◆ PROBLEM DETAILS ◆
Return only the lines from the one containing "Portfolio Spirit of Independence" to the end of the entries below, exactly as written, both ends included.

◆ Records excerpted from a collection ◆
>>>
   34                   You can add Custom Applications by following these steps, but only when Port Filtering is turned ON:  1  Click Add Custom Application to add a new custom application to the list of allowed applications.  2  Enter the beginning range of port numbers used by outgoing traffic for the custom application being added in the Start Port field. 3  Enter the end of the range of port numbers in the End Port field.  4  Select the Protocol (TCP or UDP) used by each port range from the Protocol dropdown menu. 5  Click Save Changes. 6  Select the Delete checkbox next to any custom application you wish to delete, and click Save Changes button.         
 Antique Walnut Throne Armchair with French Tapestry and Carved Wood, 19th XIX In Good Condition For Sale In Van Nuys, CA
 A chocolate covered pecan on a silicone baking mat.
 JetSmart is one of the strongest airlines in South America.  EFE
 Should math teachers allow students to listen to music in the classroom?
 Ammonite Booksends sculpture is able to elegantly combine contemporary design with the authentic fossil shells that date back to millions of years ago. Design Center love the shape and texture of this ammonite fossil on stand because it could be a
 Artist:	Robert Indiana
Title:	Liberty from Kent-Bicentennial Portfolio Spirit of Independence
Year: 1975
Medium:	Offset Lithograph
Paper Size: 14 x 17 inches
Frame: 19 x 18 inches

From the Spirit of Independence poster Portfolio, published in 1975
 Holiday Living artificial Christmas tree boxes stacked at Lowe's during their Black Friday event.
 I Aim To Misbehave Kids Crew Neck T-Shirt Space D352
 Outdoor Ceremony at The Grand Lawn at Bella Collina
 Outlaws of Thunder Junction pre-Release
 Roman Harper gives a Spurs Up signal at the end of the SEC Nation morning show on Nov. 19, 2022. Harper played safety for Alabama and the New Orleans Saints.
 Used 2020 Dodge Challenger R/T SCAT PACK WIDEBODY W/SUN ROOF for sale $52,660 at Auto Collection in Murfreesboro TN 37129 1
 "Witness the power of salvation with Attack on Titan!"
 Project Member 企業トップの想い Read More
<<<
◆ EXPECTED OUTPUT ◆
Title:	Liberty from Kent-Bicentennial Portfolio Spirit of Independence
Year: 1975
Medium:	Offset Lithograph
Paper Size: 14 x 17 inches
Frame: 19 x 18 inches

From the Spirit of Independence poster Portfolio, published in 1975
 Holiday Living artificial Christmas tree boxes stacked at Lowe's during their Black Friday event.
 I Aim To Misbehave Kids Crew Neck T-Shirt Space D352
 Outdoor Ceremony at The Grand Lawn at Bella Collina
 Outlaws of Thunder Junction pre-Release
 Roman Harper gives a Spurs Up signal at the end of the SEC Nation morning show on Nov. 19, 2022. Harper played safety for Alabama and the New Orleans Saints.
 Used 2020 Dodge Challenger R/T SCAT PACK WIDEBODY W/SUN ROOF for sale $52,660 at Auto Collection in Murfreesboro TN 37129 1
 "Witness the power of salvation with Attack on Titan!"
 Project Member 企業トップの想い Read More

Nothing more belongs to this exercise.